WESTERN PRODUCER — Administrators of the Advance Payments Program say Ottawa should stop treating farmers as if they are going to default on repayments.
They said the application process should be streamlined and the program made simpler and more consistent.
Dave Gallant, vice-president of finance and APP operations at the Canadian Canola Growers Association, said the CCGA administers about $2.5 billion in advances each year on behalf of the federal government.
Yet the CCGA is required to treat every farmer the same each time, regardless of whether they’ve applied for and repaid advances before or are new clients.
He said the first change the government could make is to improve credit worthiness requirements and make it easier for long-time applicants. The current process adds cost and delays, he said.
“The government needs to reverse those policies, which are actually negatively impacting farmers in their use of the program, and they need to streamline the administrative process,” Gallant told the Canadian Federation of Agriculture policy summit.
“They need to trust farmers that when they’re delivering grain they’re making the payments … as opposed to treating them as though they’re breaking the rules and not using the system the way it’s intended.”
He said the APP was originally designed in 1957 when western farmers were required to use the Canadian Wheat Board.

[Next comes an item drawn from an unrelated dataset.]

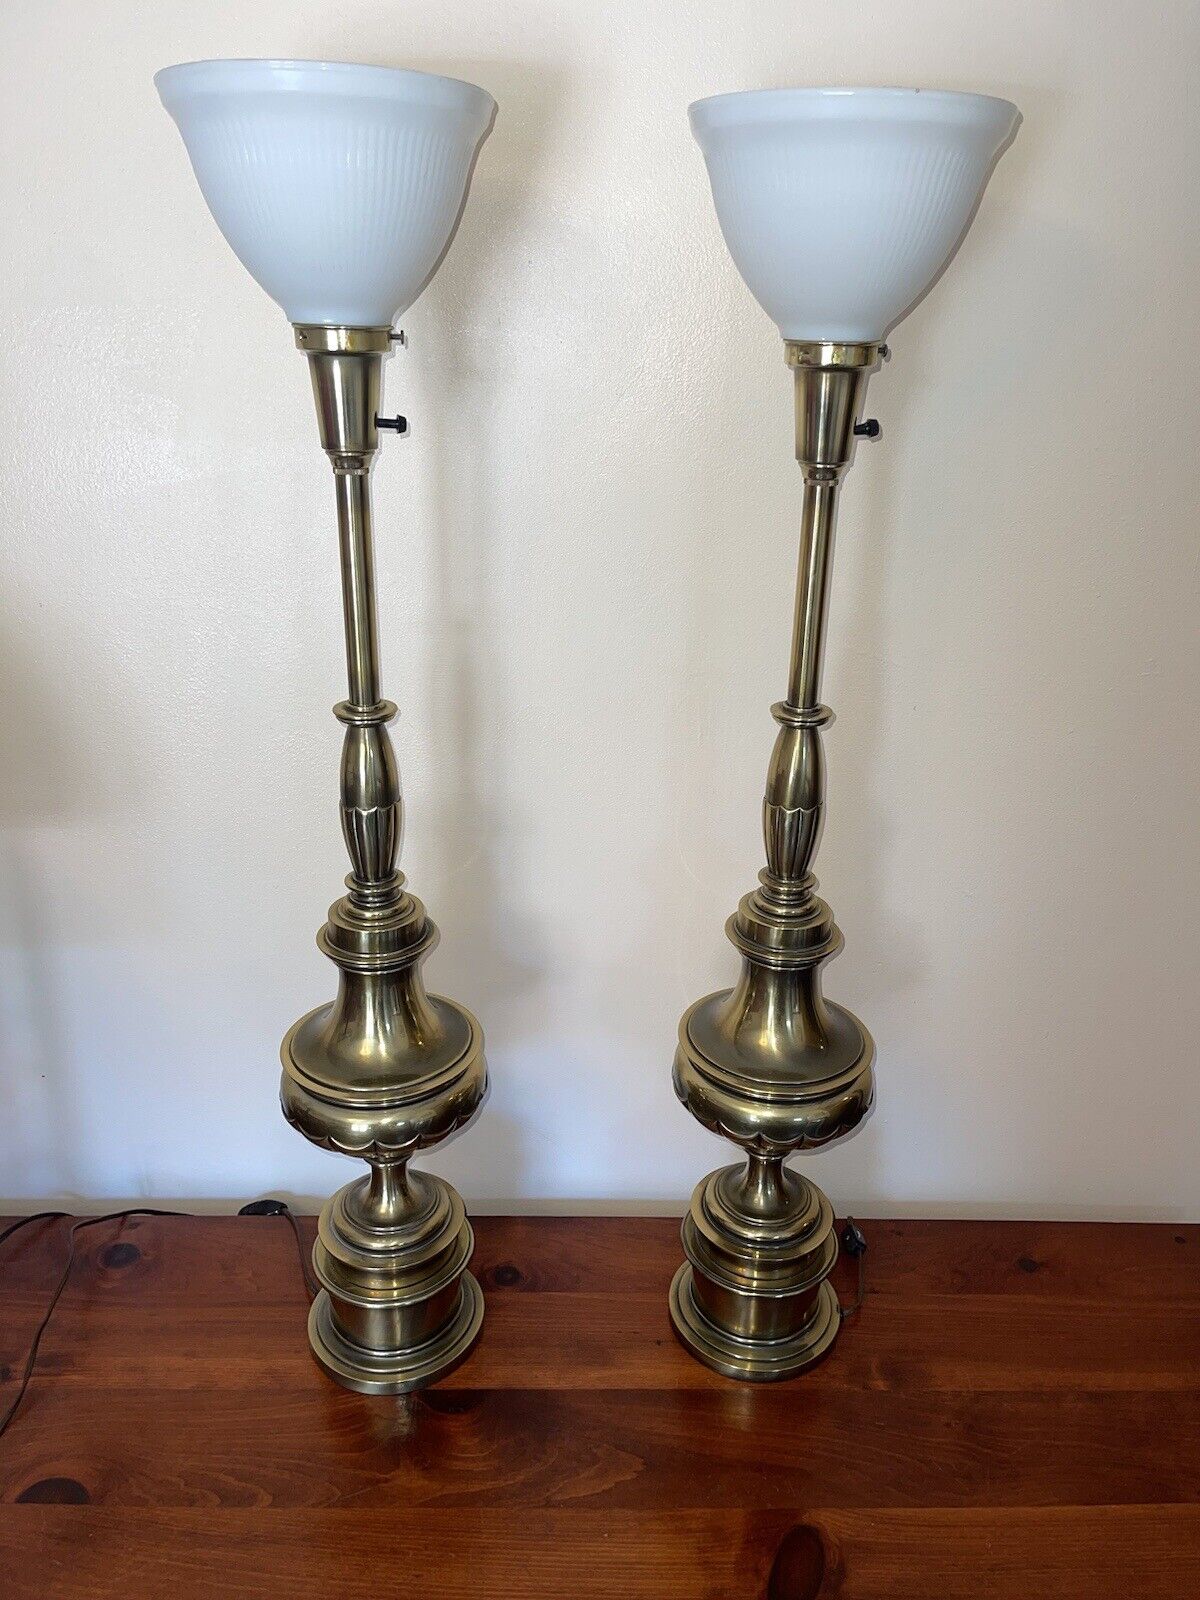 A Pair of Vintage Stiffel Brass Table Lamps 37” Tall & 15lbs Each Nice Condition

It was supposed to be used to help farmers market their inventory.
Later, commodities such as pork and beef were added to the program, but in a clumsy manner.
“Our livestock producers have more work to do than our grain and oilseeds producers, and we’ve pointed that out to the department many times. It has fallen on deaf ears,” Gallant said.
Scott Clark, vice-president of marketing and communications at Agricultural Credit Corp., said his applicants want changes.
“I think the two words that come to mind are simplicity and flexibility,” he said.
He said administrators have done a great job of streamlining as much as possible, but Agriculture Canada could build that in from the start.
Clark said farmers would like to be able to access the money at different times, such as later in the year to take advantage of input discounts from suppliers.
Donald Kilorn, executive director of the Prince Edward Island Federation of Agriculture, said he’d like more farmers to use the program.
All three agreed participation would increase if changes were made. Gallant said one in four grain and oilseed farmers in Western Canada uses it and less than one in 10 livestock producers.
Gallant said the credit worthiness requirement is his main concern. He said CCGA has proven to the government, using the government’s own numbers, that farmers who have participated for several years and not defaulted have a 0.1 per cent chance of doing so.
Larger advances of more than $400,000 also require extra administrative steps, even though the larger advances are lower risk than smaller ones, he said.
He said government should also look at some policy changes it has made over the years.
“They made it less attractive for the transition of farms to young farmers through changes they made with crop insurance. They made it less attractive for husbands and wives to use this program because they now treat them as one entity, regardless of how they operate,” Gallant said.
“And lastly, there is the bureaucracy around this program. Every farmer is treated as though they are going to break the rules.”
According to the CCGA, the average advance before 2019, when the APP became a million-dollar program, was $103,000. The minister changed the interest-free limit five of the last seven years, and as a result, the average changed.
“When the interest-free (limit) is $250,000, the average advance is $190,000 in Canada,” Gallant said.
“When the interest-free jumped to $350,000, that average advance jumped to $214,000. That’s how farmers are using this program today.
“It’s more about getting cost recovery as opposed to helping with marketing.”
Kilorn said the APP is not a marketing tool for practical purposes.
“It’s a way to get the bills paid while you’re waiting to sell the crop,” he said.
“There’s an evolution here.”
Clark added that changing the interest-free limit right before it begins or even during the application process is not helpful to farmers because they plan well ahead. The amount automatically resets to $100,000 each year, and then it’s up to the minister to change it.
“$100,000 was a nice number maybe 15 years ago, 10 years ago. It’s not enough now,” he said.
The CFA has advocated for a higher interest-free portion.
President Keith Currie said the size of operations today dictates a higher interest-free amount. However, he said he also understands it’s costly for the government, so it’s important to find the right balance.
“If we can’t get the permanent increases that we’re seeking, can we get these different types of changes within the program that might help alleviate some of the lack of increase in the interest-free funding,” he said.
Raising the overall amount that can be borrowed is one option, but he said people are leery of taking on more debt.
Currie said the program does need to change with regard to livestock producers. He said rather than redesign the program when it added livestock, the government just tried to make a square peg fit into a round hole.
There are also supply managed farms who may be growing feed or crops that don’t qualify.
Asked if the APP should be included in the business risk management suite, Currie said he hadn’t thought about that but it could be investigated.